We first collected the hierarchical structures of all GO terms from the GoBasic.obo file in the GO database (2023-11-15 version), yielding 1,951,615 GO term pairs across five relationships: ‘is a’, ‘part of’, ‘regulates’, ‘negatively regulates’ and ‘positively regulates’. Next, we extracted the ancestral terms for all ground truths in the evaluation datasets used in this study, limiting the distance from each ground truth to its respective ancestor to within three hops. Finally, we calculated the semantic similarity between each ancestral term and its corresponding ground truth to assess whether the generated names achieved a higher similarity score with ancestral terms. For our evaluation, we computed hierarchical semantic similarity exclusively for gene sets in the GO dataset.
Pipeline of enrichment term test using verification reports
For gene sets in MSigDB, we first collected its verification report produced by the selfVeri-Agent of GeneAgent. Afterwards, each gene set and the associated report were used as the parameters of the instruction (Supplementary Document 1) for the GPT-4. Therefore, GPT-4 can summarize multiple enrichment terms for the given gene set. Finally, we used the exact match to evaluate the accuracy of the tested terms summarized by the GPT-4. Specifically, for each gene set in the evaluation, we first utilized g:Profiler to perform GSEA, where the P-value threshold is set to 0.05. Then, we obtained significant enrichment terms for the given gene sets as the ground truth. Finally, we counted the number of tested terms summarized by GPT-4 that correctly match the significant enrichment term of each gene set. One tested term is considered as accurate only when there is an exact match between all the words in the tested term and one term in the ground truth.
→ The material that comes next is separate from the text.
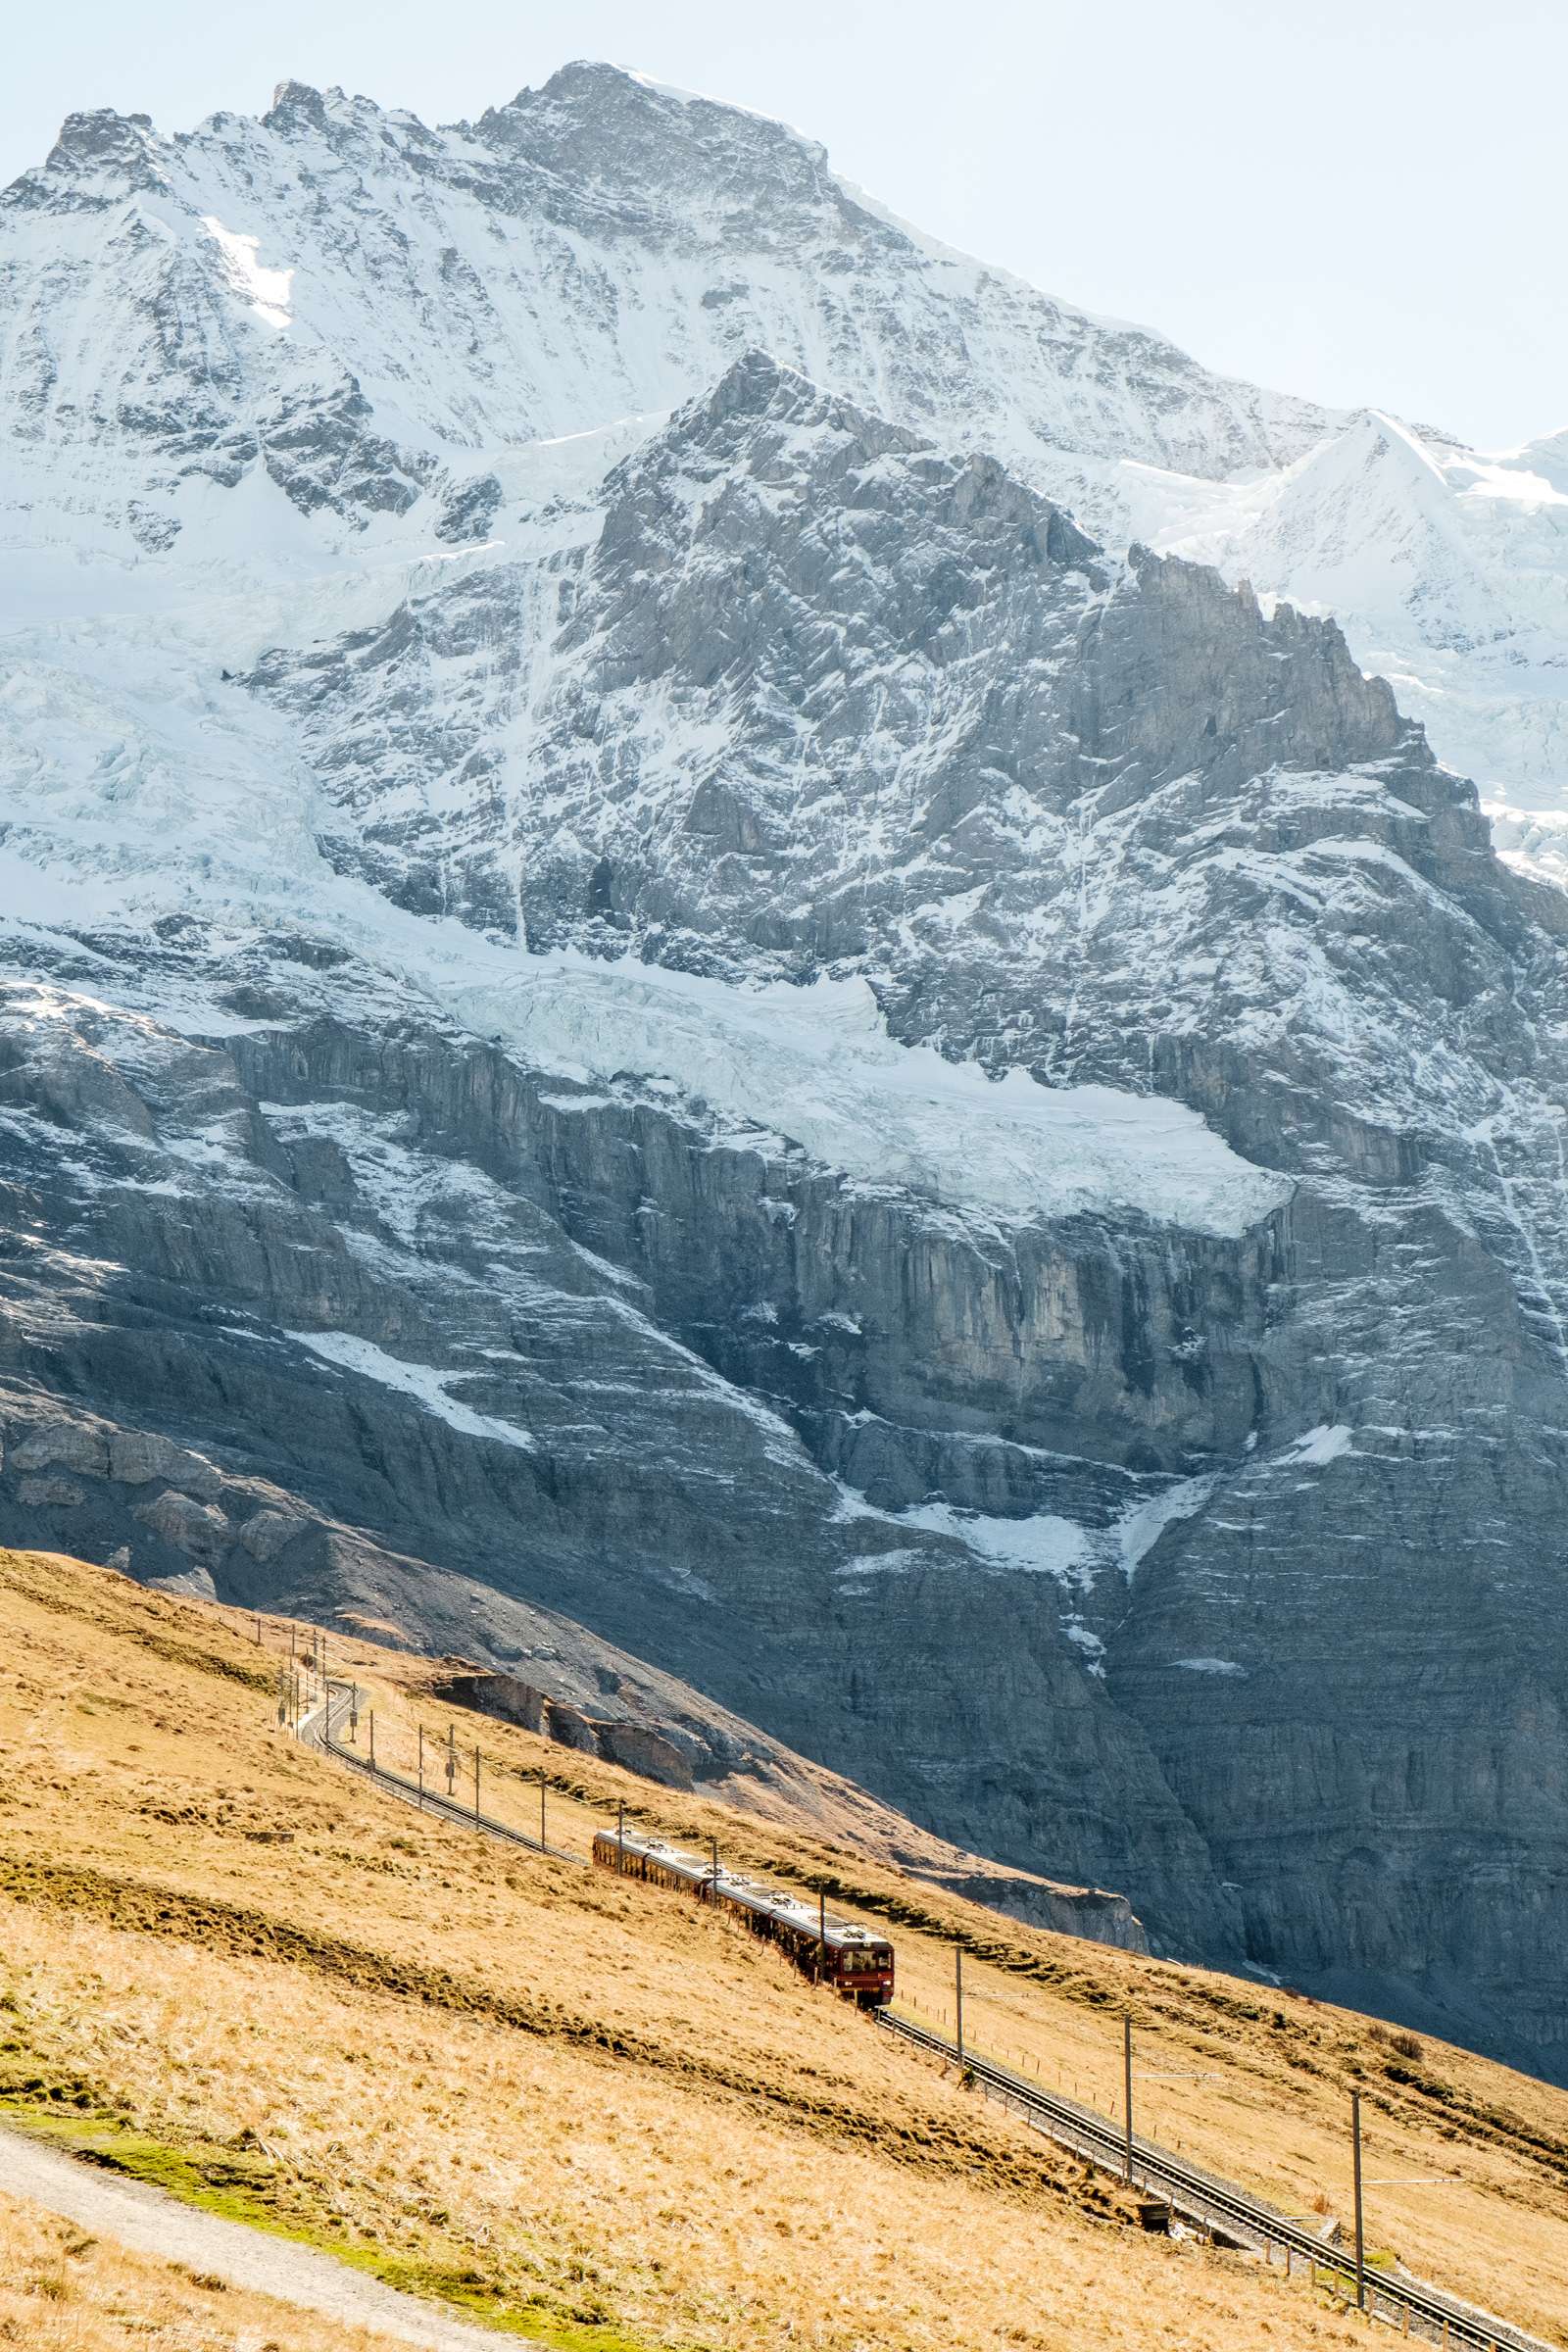 Jungfrau train with huge snowy peak towering over
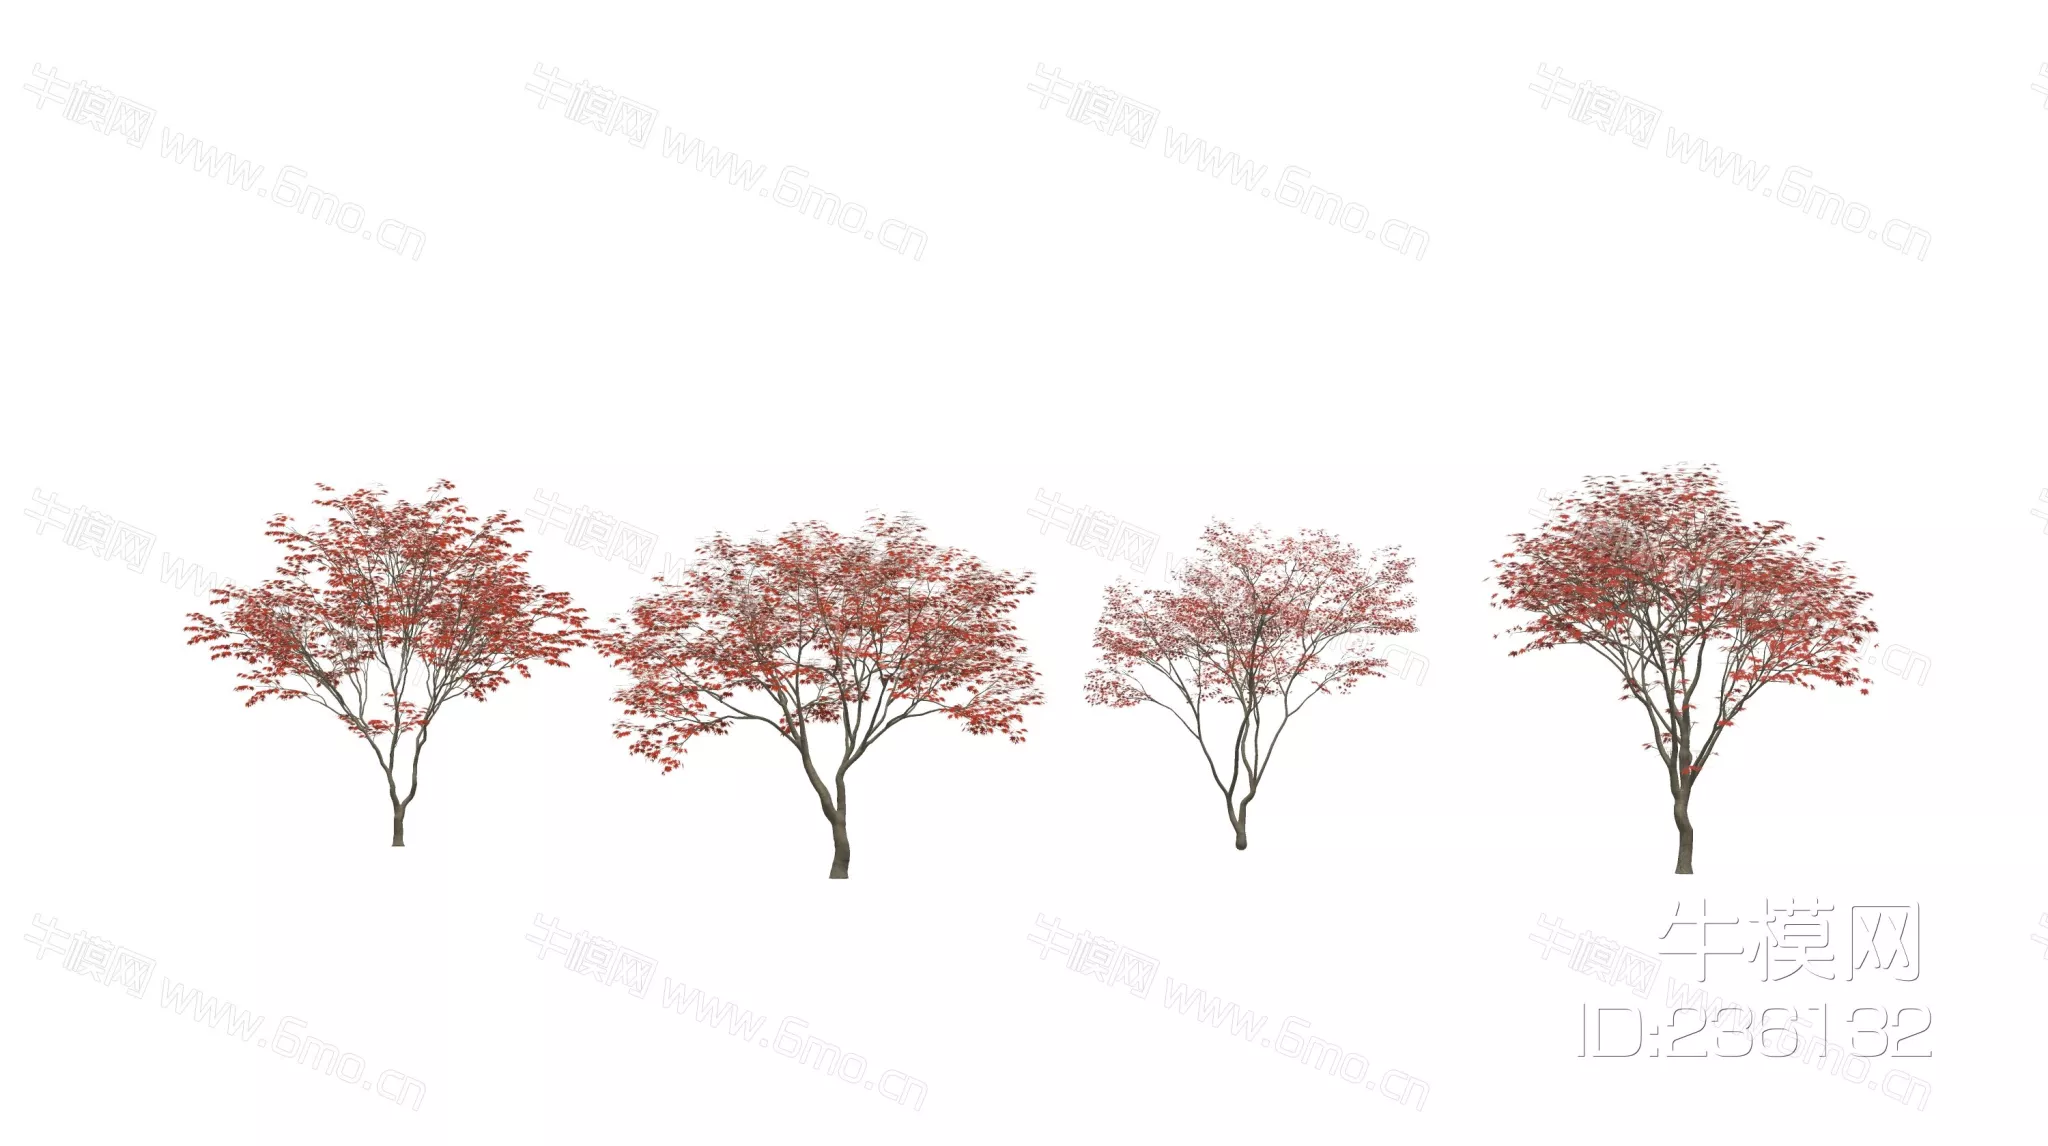 JAPANESE TREE - SKETCHUP 3D MODEL - ENSCAPE - 236132

Human checking for the decisions of selfVeri-Agent
We randomly selected ten gene sets from NeST with 132 claims for human inspection. There are two parts in the verification report: the claims and the decisions to the claims along with evidence (Supplementary Document 2). Annotators were asked to label the selfVeri-Agent decisions (that is, support, partially support and refute) for each claim and judge whether such decisions are correct, partially correct or incorrect, which follows the study of natural language inference52 and fact verification53. For each claim, the annotators need to make a judgment based on assertions of the gene (set) functions provided in the evidence:
-
a.
Correct: This category applies when GeneAgent’s decision completely aligns with the evidence supporting the input claim. The decision is considered correct if it accurately reflects the evidence documented, demonstrating a clear and direct connection between the claim and the supporting data.
-
b.
Partially correct: It is designated when GeneAgent’s decision requires indirect reasoning or when the decision, although related, does not completely align with the direct evidence provided. This occurs when the decision is somewhat supported by the evidence but requires additional inference or context to be fully understood as supporting the input claim.
-
c.
Incorrect: This category is used when GeneAgent’s decision either contradicts the evidence or lacks any substantiation from the verification report.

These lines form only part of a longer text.